Прикрываю глаза и выдыхаю. Как потом оказалась, я вырубился и пришел в себя почти к самому вечеру. Боли больше не было, вместо нее появилось странное чувство легкости. Мое тело парило в какой-то невесомости, а в голове стоял туман.
– Эйп, – из горла вырывается едва слышный шепот. Приходится напрячься и следующий зов выход чуть громче, – Эйп…
– Я здесь,– парень оказывается рядом. – Как ты себя чувствуешь?
– Что ты мне вколол?
– Плохо?
– Да нет, – прикрываю пока еще тяжелые глаза, а потом открываю их вновь. – Слишком хорошо.
– Я оставлю этот рецепт в секрете. – Усмехается медбрат. – А если серьезно?
– Все отлично, – тяну гласные, – прямо бы сейчас рванул на танцы.
– Мне уже доставать костюм?
– Ага, – сглатываю вязкую слюну. – Синий, пожалуйста.
– Хорошо, – Эйп прикладывает руку к моему лбу, – как только ты отдохнешь, сразу все организуем.
– Отлично, – глаза закрываются помимо моей воли, – дай мне пару минут.
Но эти минуты плавно перетекли в глубокую ночь. Голова чугунная, во рту по ощущением распростерлась настоящая Сахара. Поворачиваю голову и в приглушенном свете ночника вижу маму, которая заснула в кресле. Видимо сменила Эйпа и заставила его пойти отдыхать в комнату для гостей, которая давным-давно уже стала его. Если бы коляска стояла рядом, я бы попытался сам в нее перебраться, но она была далеко и мне пришлось все-таки будить маму.
– Милый, – она тут же бросается к постели, – как ты?
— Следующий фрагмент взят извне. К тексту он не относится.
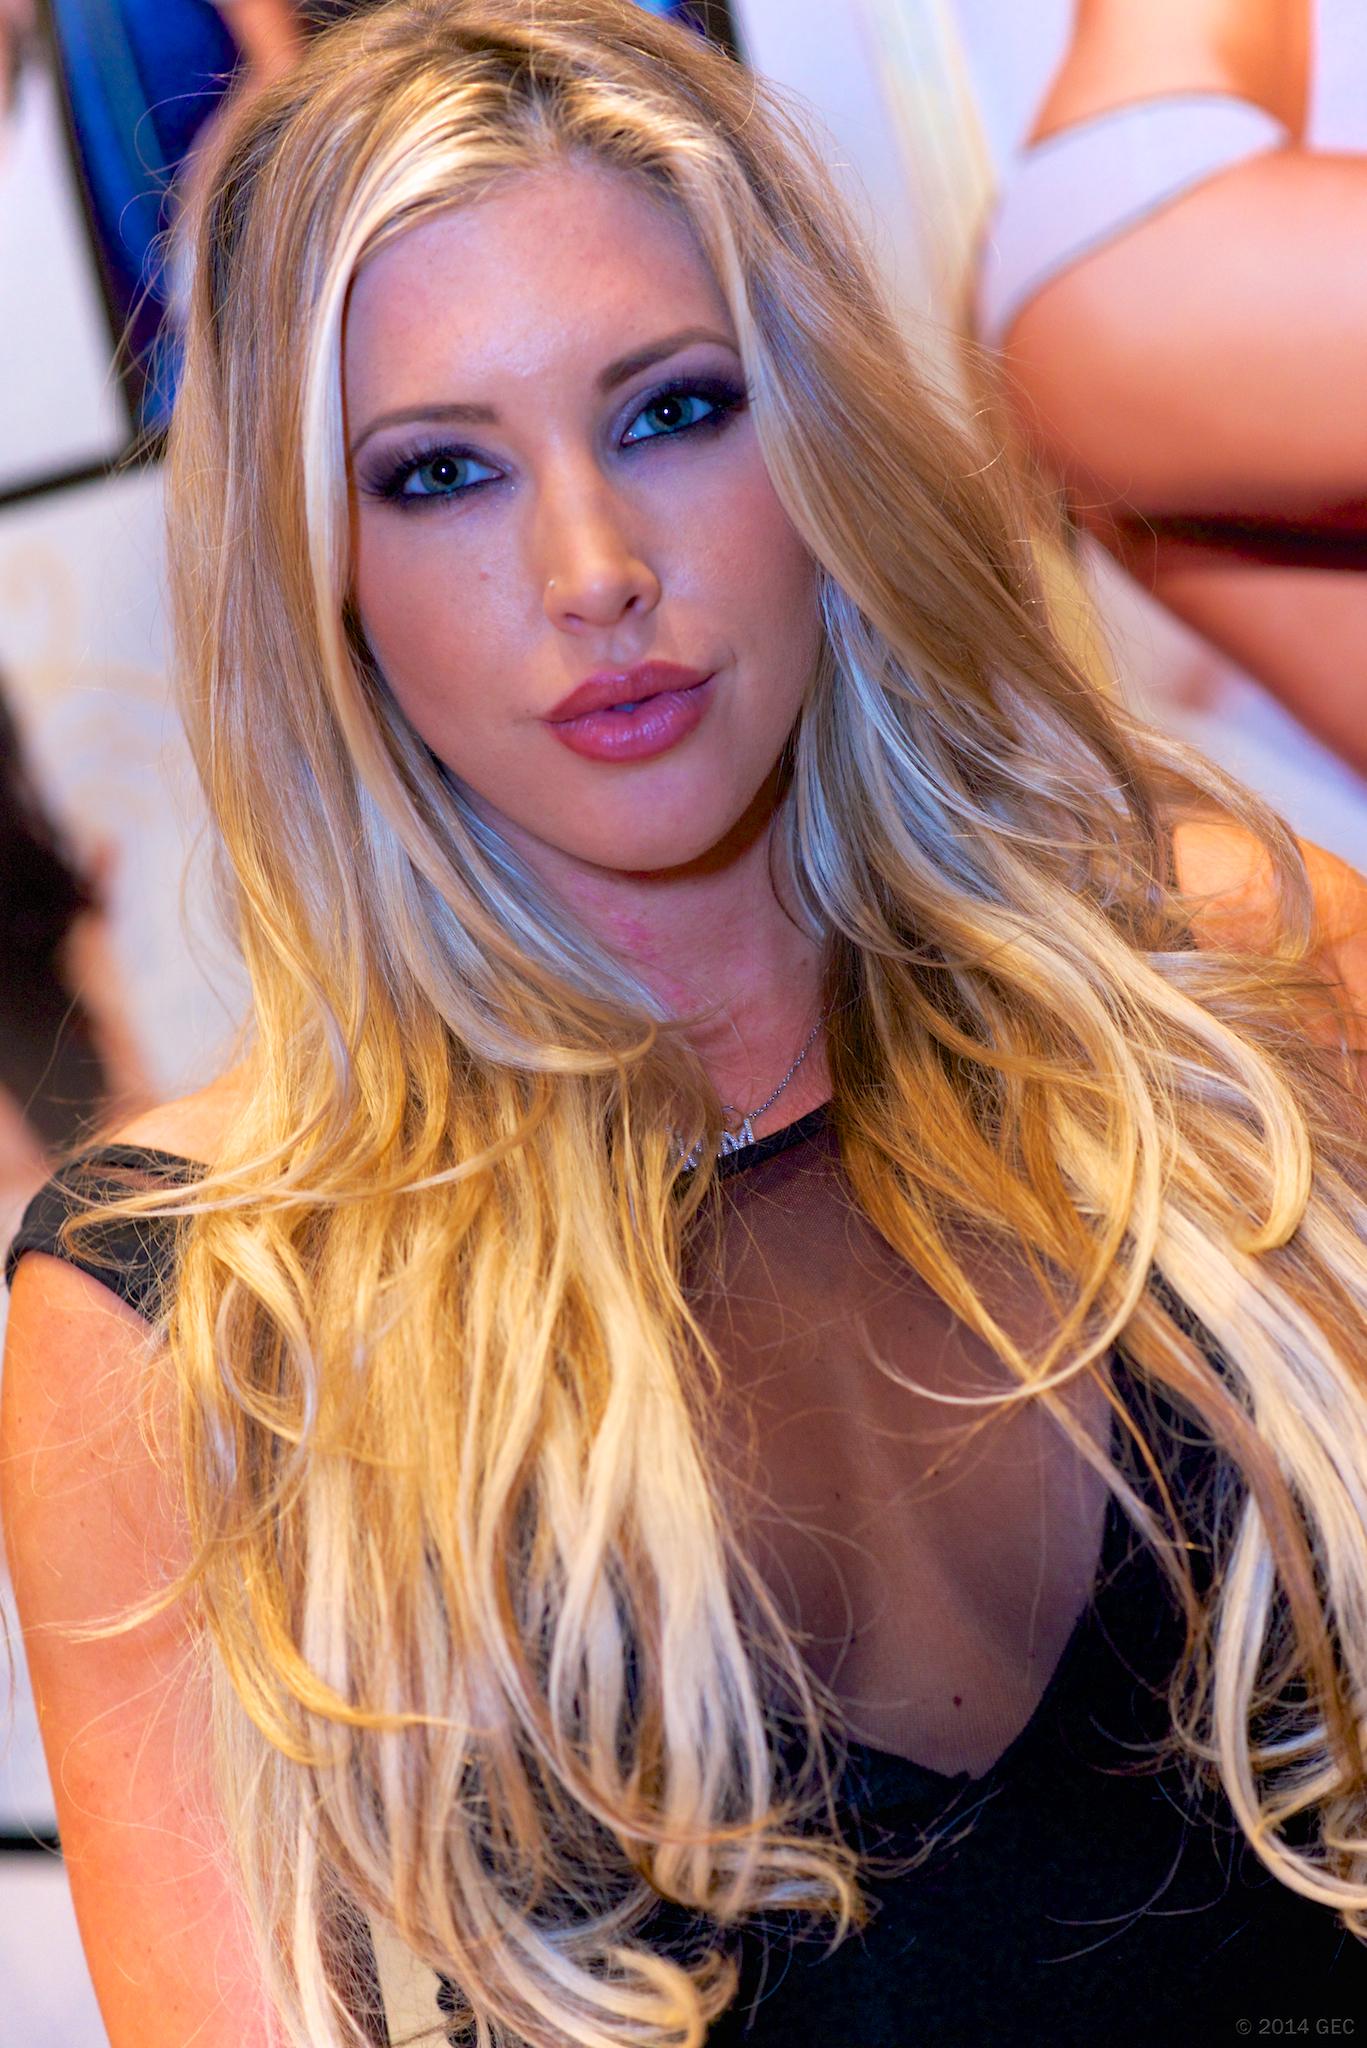 Sexy MILF Samantha Saint sucks on a huge cock as well as licking the ball sac № 1558696 бесплатно

Что-то тревожит?
– Вроде бы нет, – подтягиваюсь на дрожащих руках вверх, – который час?
– Половина третьего, – она бросает беглый взгляд на часы. – Хочешь кушать?
– Нет, но от воды не отказался бы.
– Подожди, я сейчас принесу.
– Не надо… лучше дай мне коляску, я сам. Уже тошнит от своей комнаты, хочется сменить локацию.
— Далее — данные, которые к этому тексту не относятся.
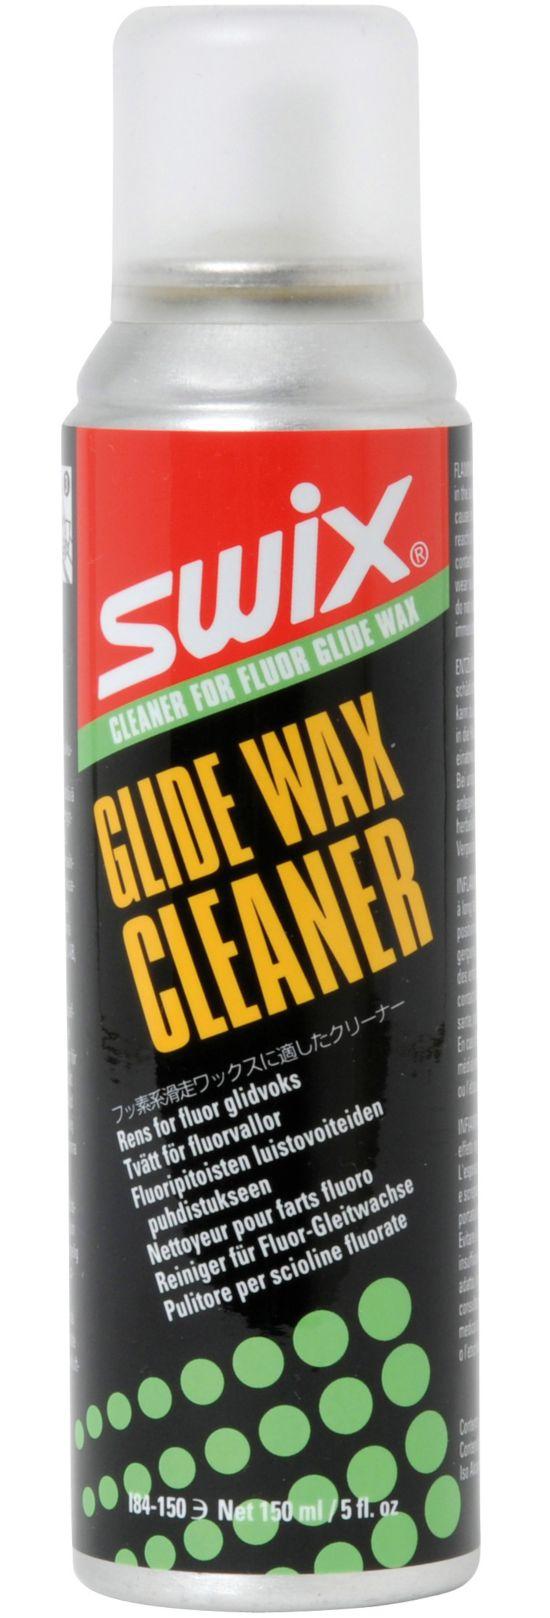 I84 Cleaner Fluoro Glidewax 15

Мама терпеливо ожидает пока я переберусь в кресло и мы вместе выезжаем к платформе. Затем спускаемся на ней в холл и движемся на кухню.
– Надеюсь, мы не перебудим весь дом, – отмечаю, когда мы оказываемся в ярко освещенном помещении.
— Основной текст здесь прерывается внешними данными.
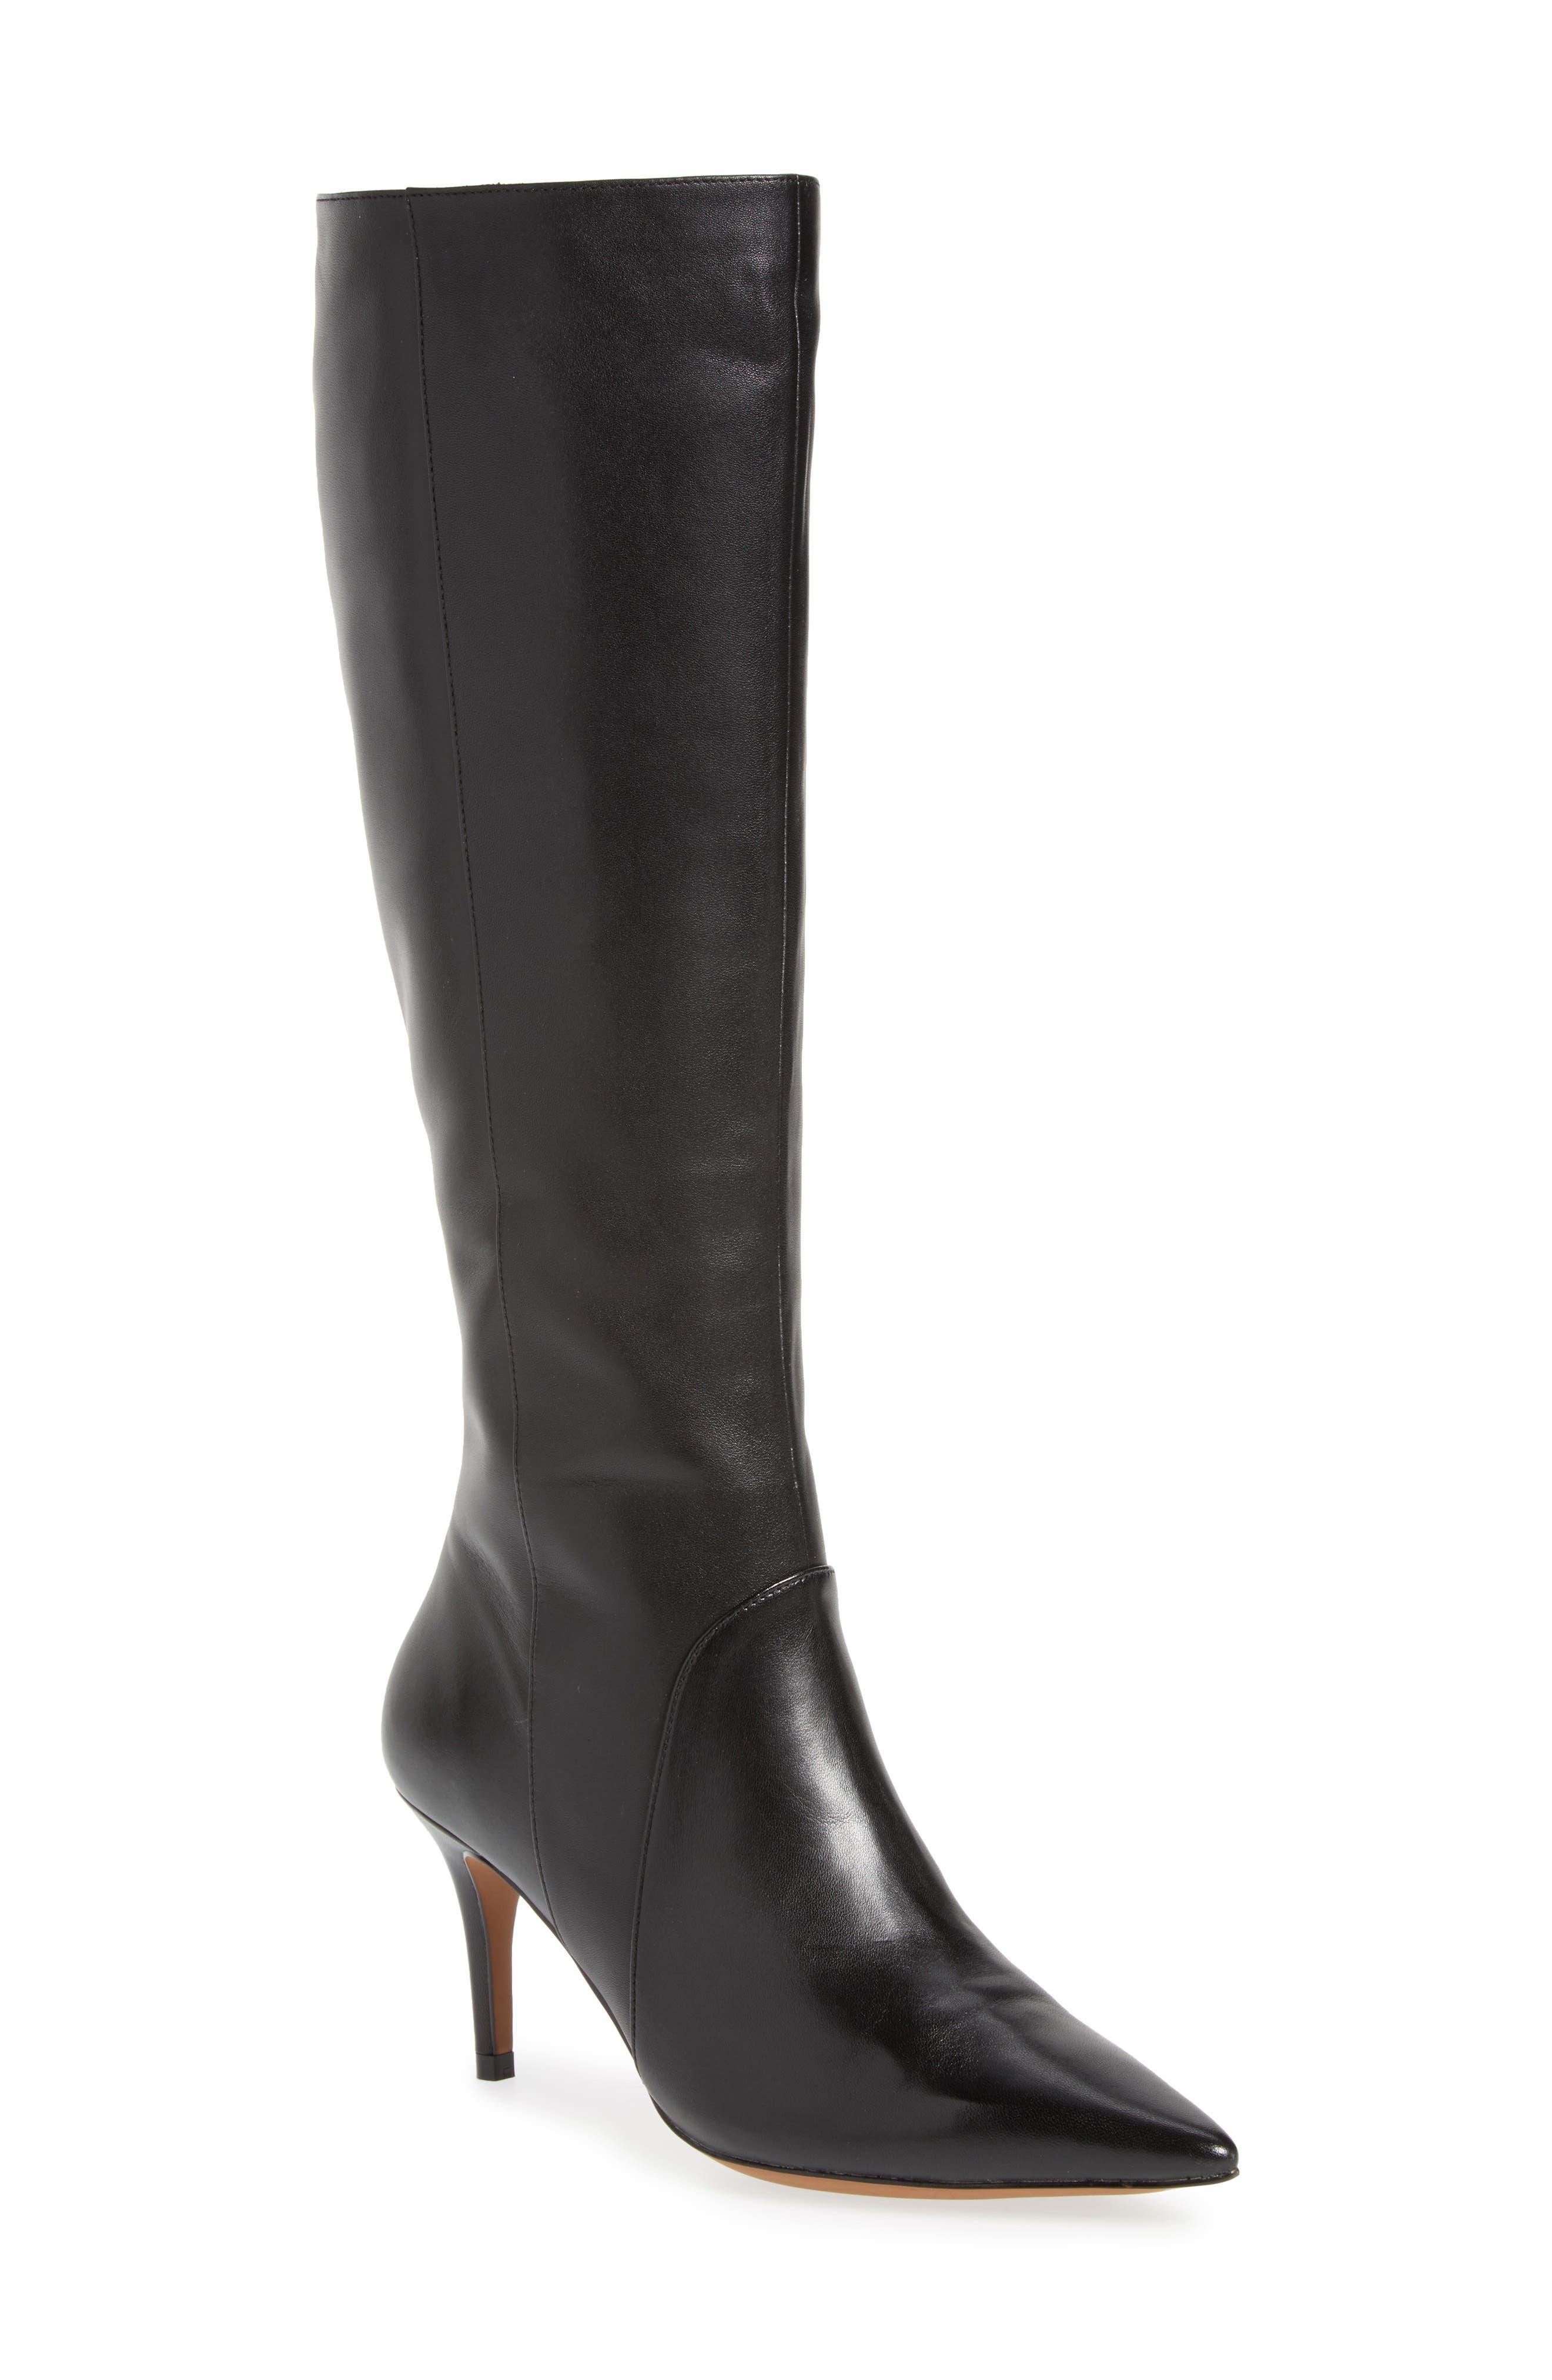 Linea Paolo Perfect Boot- Black

– А кого здесь будить? Джейсон предупредил, что сегодня его можно не ждать. Ваш отец…как всегда. То ли на работе, то ли черт знает с кем. Дом постепенно превращается в склеп, так что вряд ли мы кого-то потревожим.
На моей памяти, это впервые, когда мама сняла маску постоянной жизнерадостности и показала свое истинное лицо. И оно уставшее от вечного притворства.
– Это так печально, – она ставит чайник на плиту, – видеть то, как все, что ты строил всю жизнь… оно теперь распадается на мелкие части. И ты, к сожалению, ничего не можешь поделать. Приходится только и делать, что мириться с происходящими событиями. Будешь чай?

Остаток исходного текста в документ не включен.